Выбрать главу

— Но я же дал слово грузина, что приеду! — сказал профессор Маруашвили, смеясь. — Разве можно его нарушать? — Он удобно уселся в кресло, достал из кармана пачку сигарет и протянул мне:

— Что написано?

Я наклонился и прочитал по-грузински: «Даиси». Леван Иосифович — так звали профессора — серьезно посмотрел на меня и заметил:

— Диссертация у вас хорошая; но только сейчас я убедился, что вы — востоковед.

У этой шутки был глубокий смысл.

* * *

Учебная программа университета не может и не ставит своей целью подготовить ученого. Почему не может? Потому что для осуществления столь великой задачи пятилетний срок слишком ничтожен: ученый должен учиться всю свою жизнь. Почему, хотя бы в отношении избранных единиц, программа не ставит своею целью образовать ученых? Потому что — не говоря уже о том, что государство не может позволить себе иметь корпус «вечных студентов», — учить на ученого невозможно, он образует себя сам, трудясь в лаборатории жизни и никогда не ставя себе конечного рубежа. Он не ищет специальной темы своих занятий, работа над которой даст начало его медлительному, неровному, но необратимому творческому созреванию; такая тема сама находит его, годами носящего в себе интерес ко всему, что лежит за горизонтами программы, мечтающего о совершенстве, готового ради этого отказаться от многих легких и скоротечных радостей, Он не предается томительным размышлениям о том, стоит ли ему читать того или другого восточного автора, а решает, что к восточным авторам в своем активе он должен прибавить и античных, оказавших столь значительное влияние на культуру Востока, — не говоря уже о Шекспире и Данте, Монтене и Лессинге, Кальдероне и Толстом.
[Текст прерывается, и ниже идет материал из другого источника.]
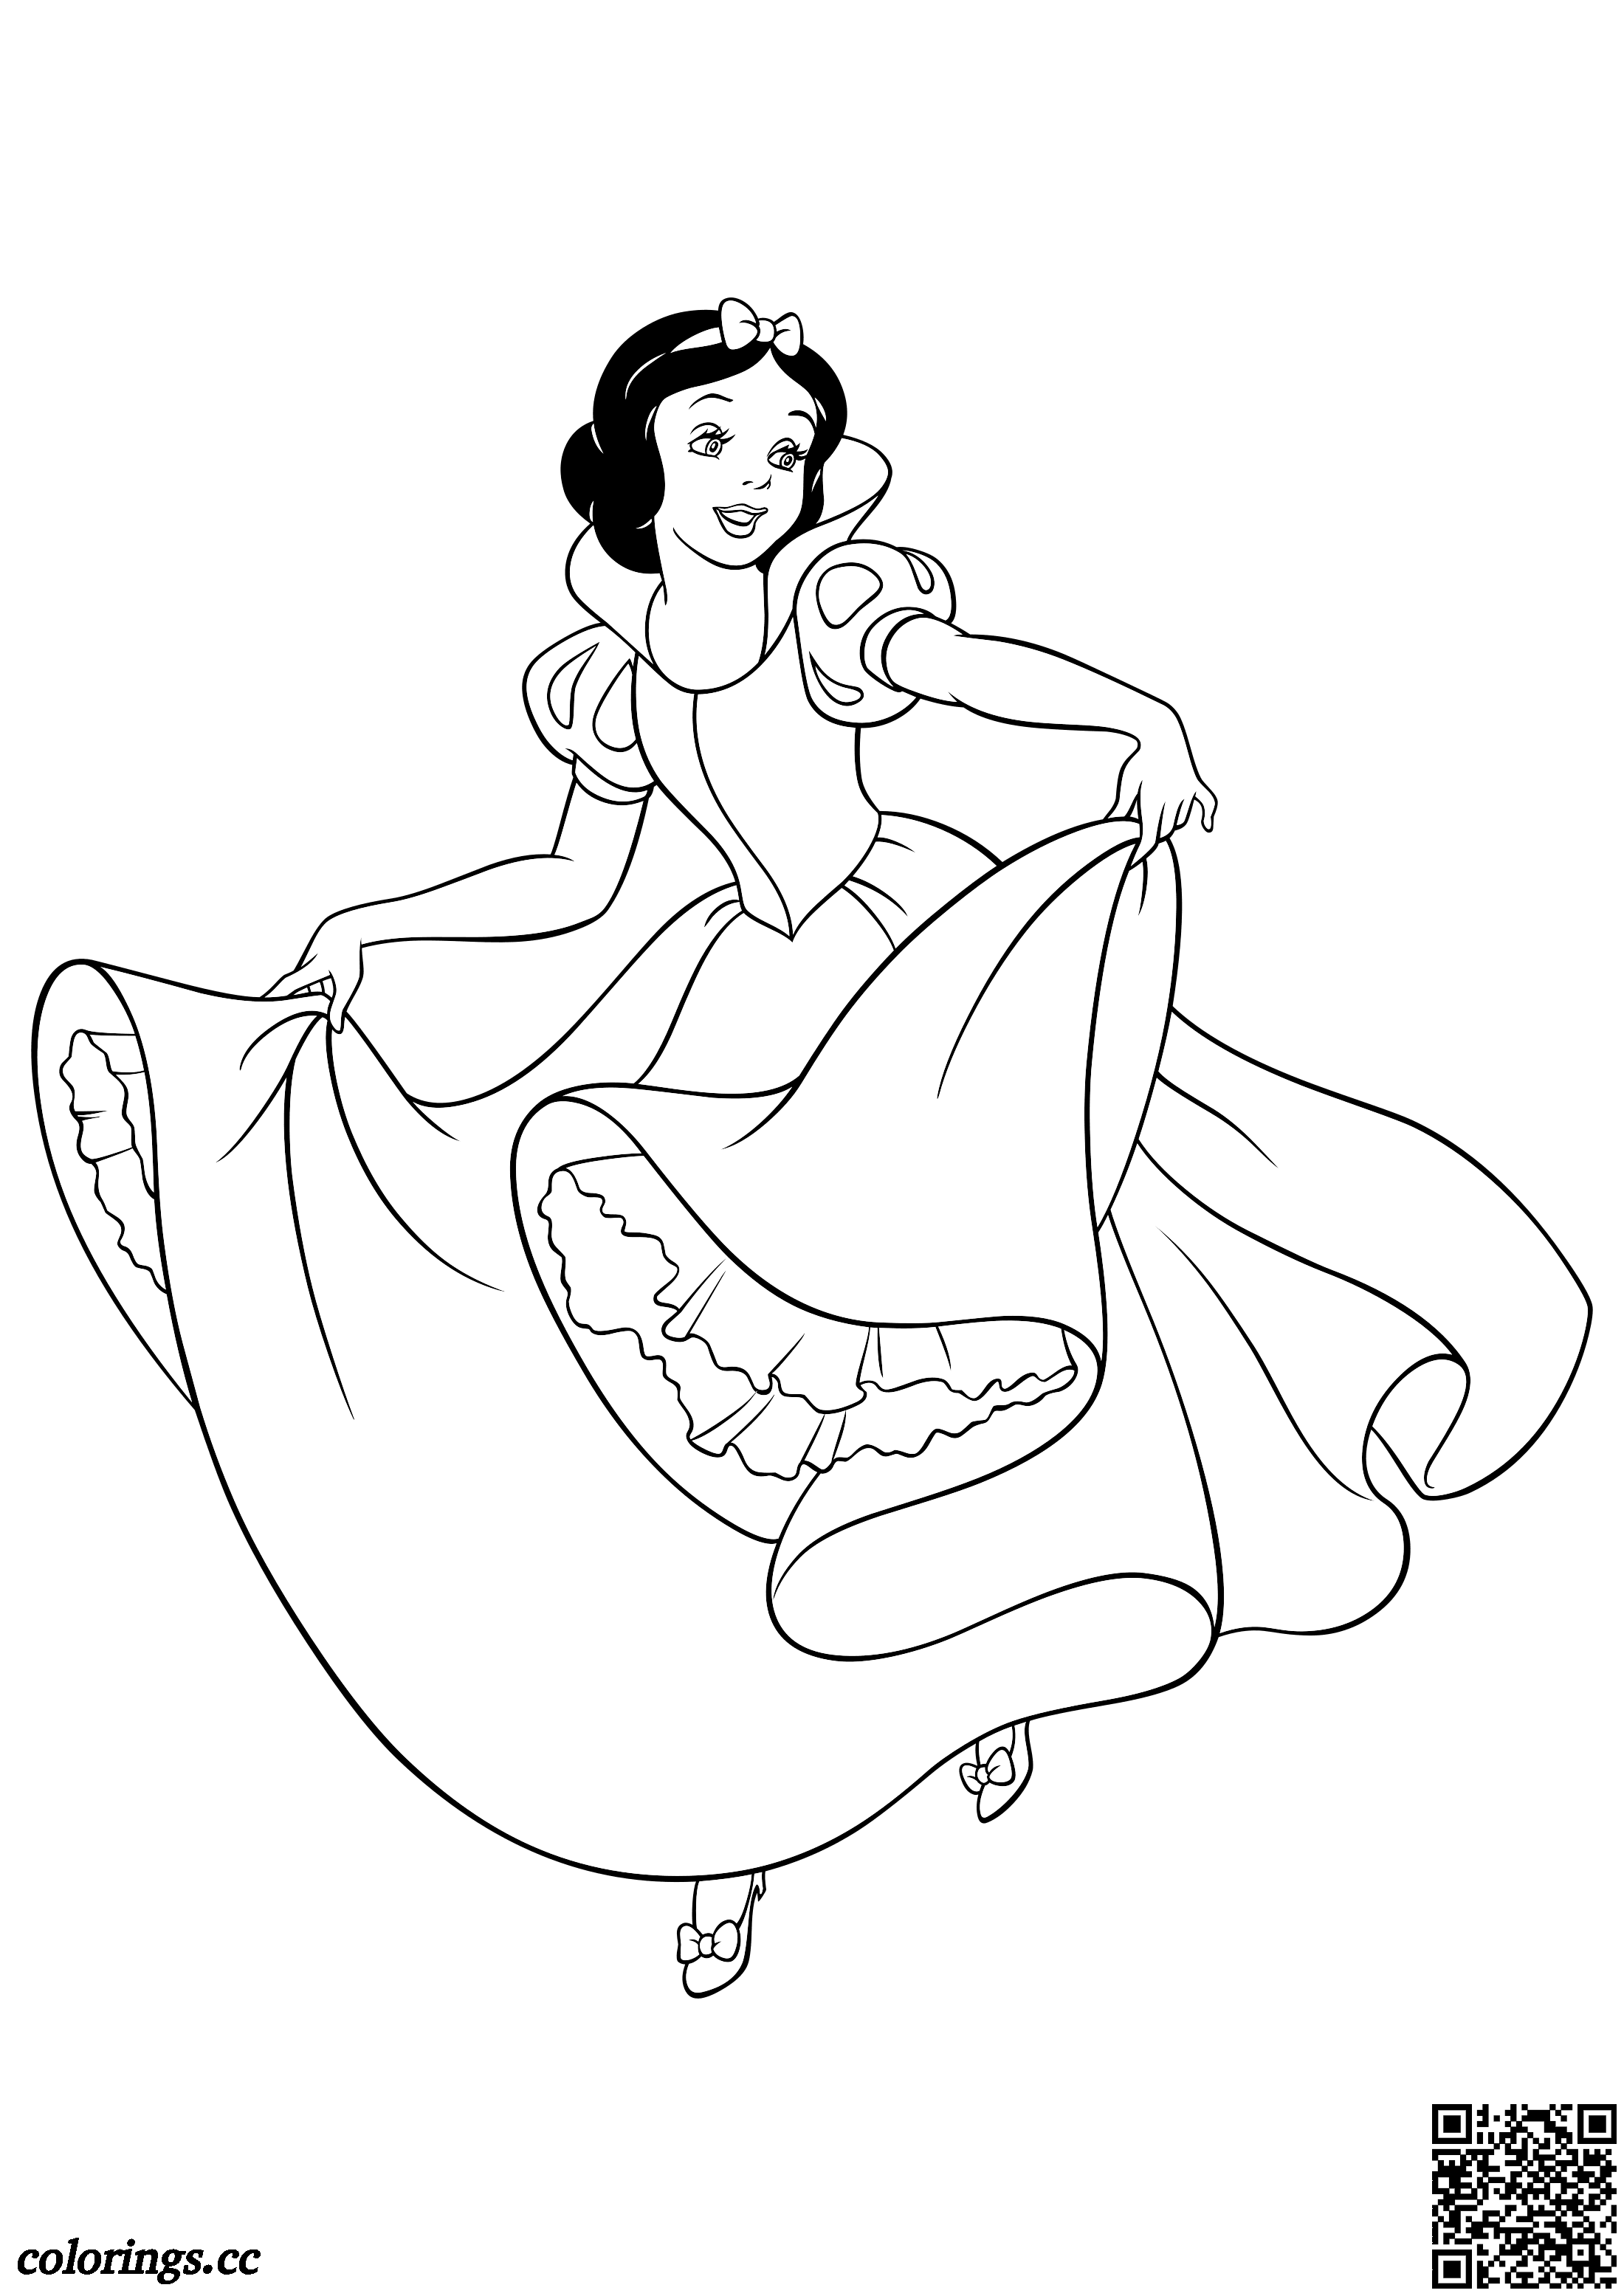 Snow white dancing coloring pages, Disney princesses coloring ...

Наконец, он не задумывается над тем, какой язык «учить», чтобы «сдать минимум»: ему всегда, до конца его дней, нужен максимум, нужны языки и языки… Можно, конечно, и не вступать на этот путь, полный вечного напряжения, требующий жертв; никто не осудит человека, пожелавшего предпочесть учебную программу научной, рассматривающего свои университетские знания и навыки не как фундамент, а как готовое здание, в котором можно благополучно жить. Но такие люди навсегда остаются более или менее искусными ремесленниками, тогда как учеными становятся лишь художники науки.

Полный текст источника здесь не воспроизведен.